**Work to be completed:** Write out each line below precisely, passing over the pictures.

**Data excerpt:**
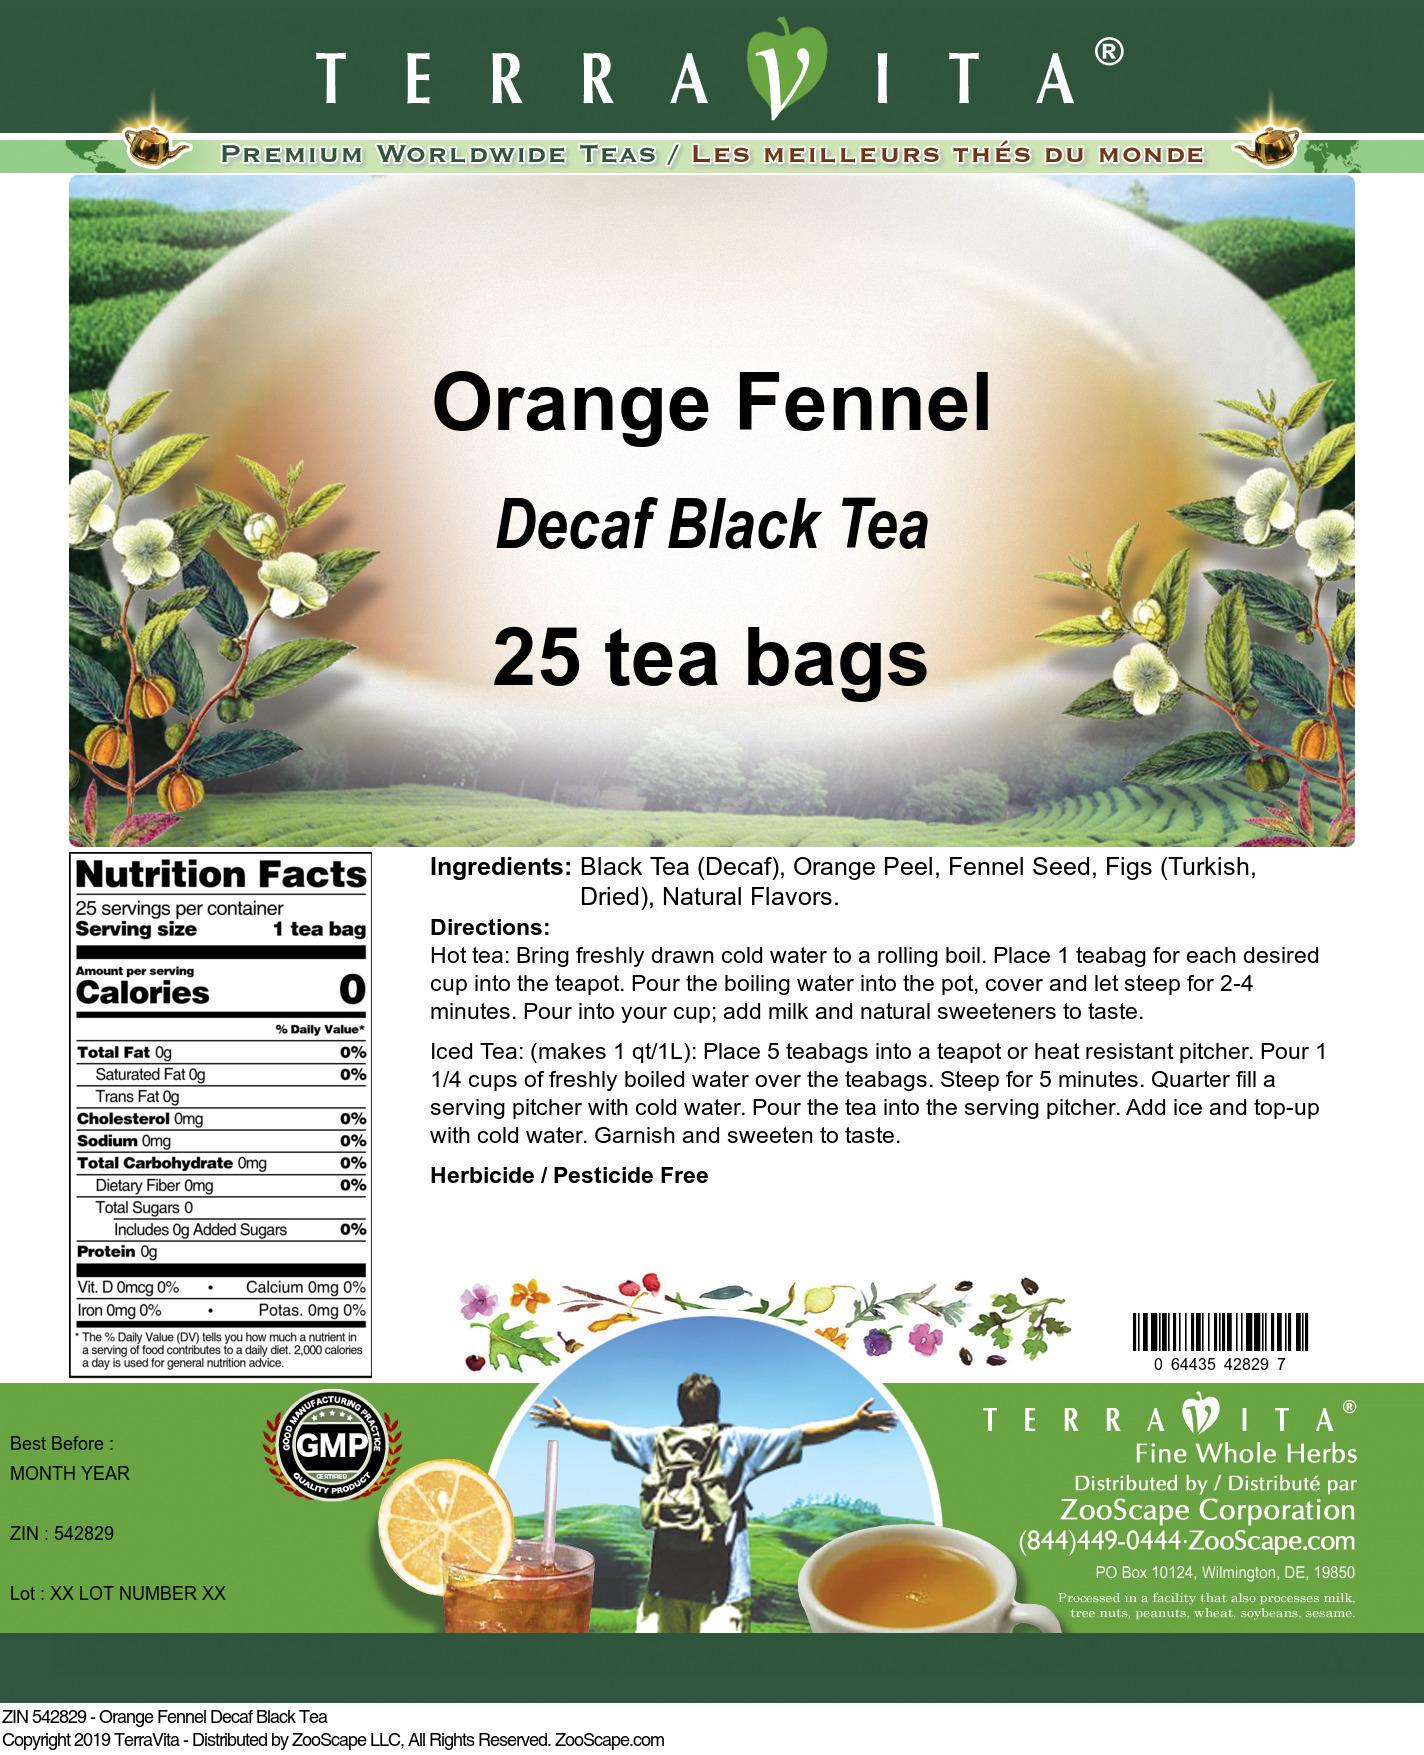 Orange Fennel Decaf Black Tea
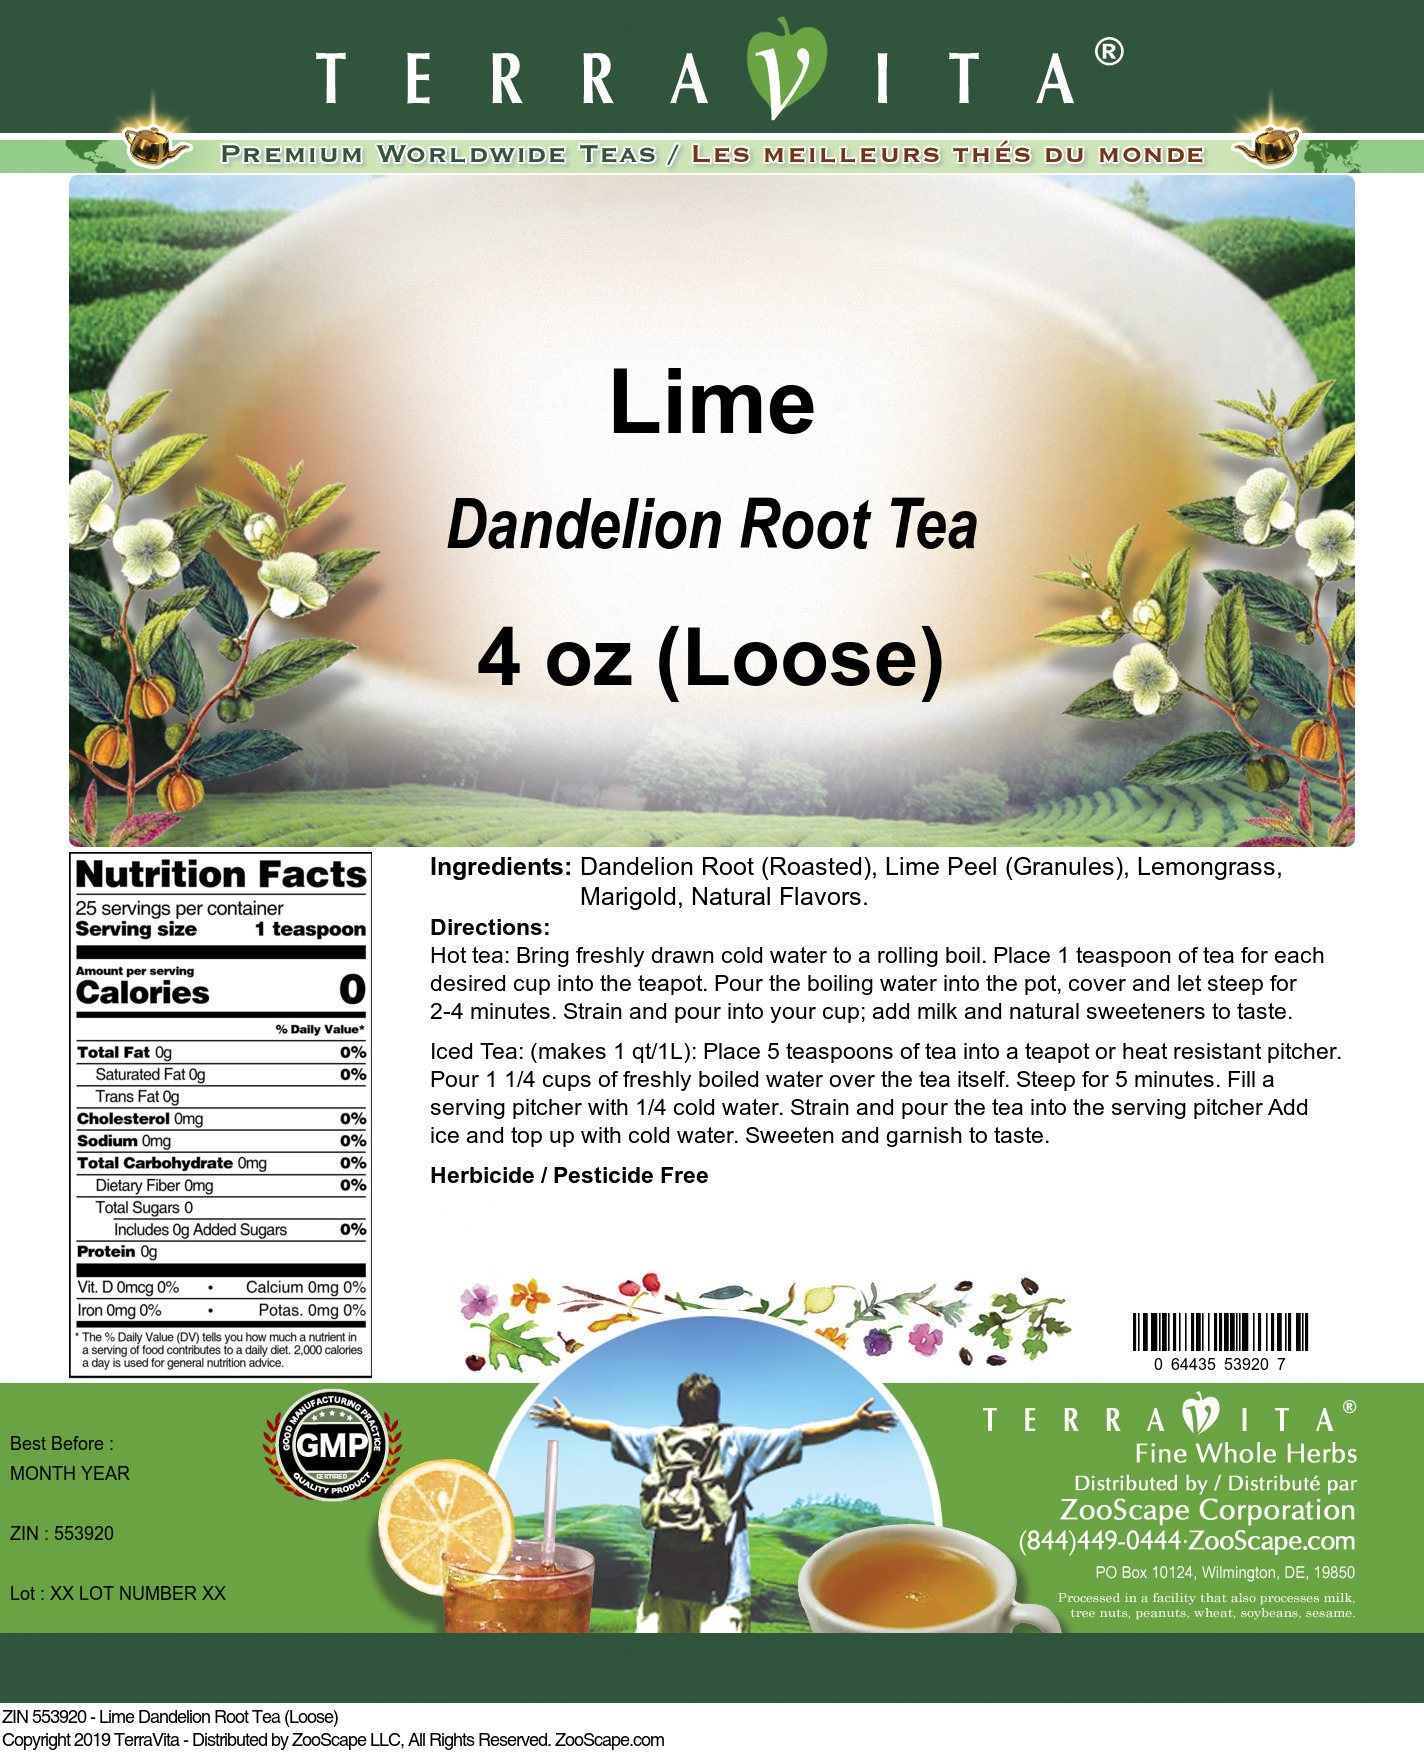 Lime Dandelion Root Tea (Loose)
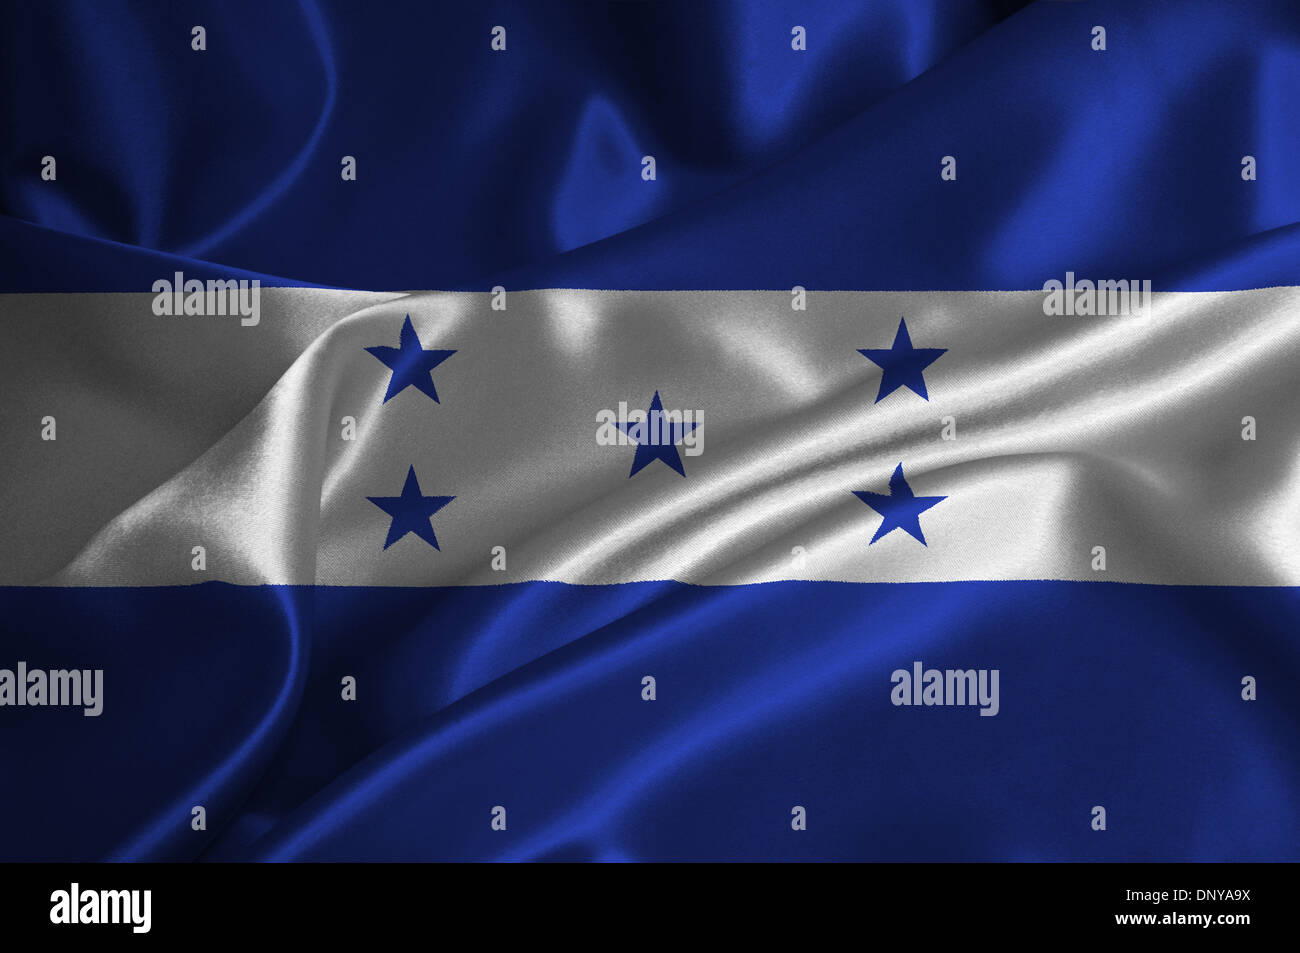 Honduras flag on satin texture. Stock Photo

**Answer space:**
 Orange Fennel Decaf Black Tea
 Lime Dandelion Root Tea (Loose)
 Honduras flag on satin texture. Stock Photo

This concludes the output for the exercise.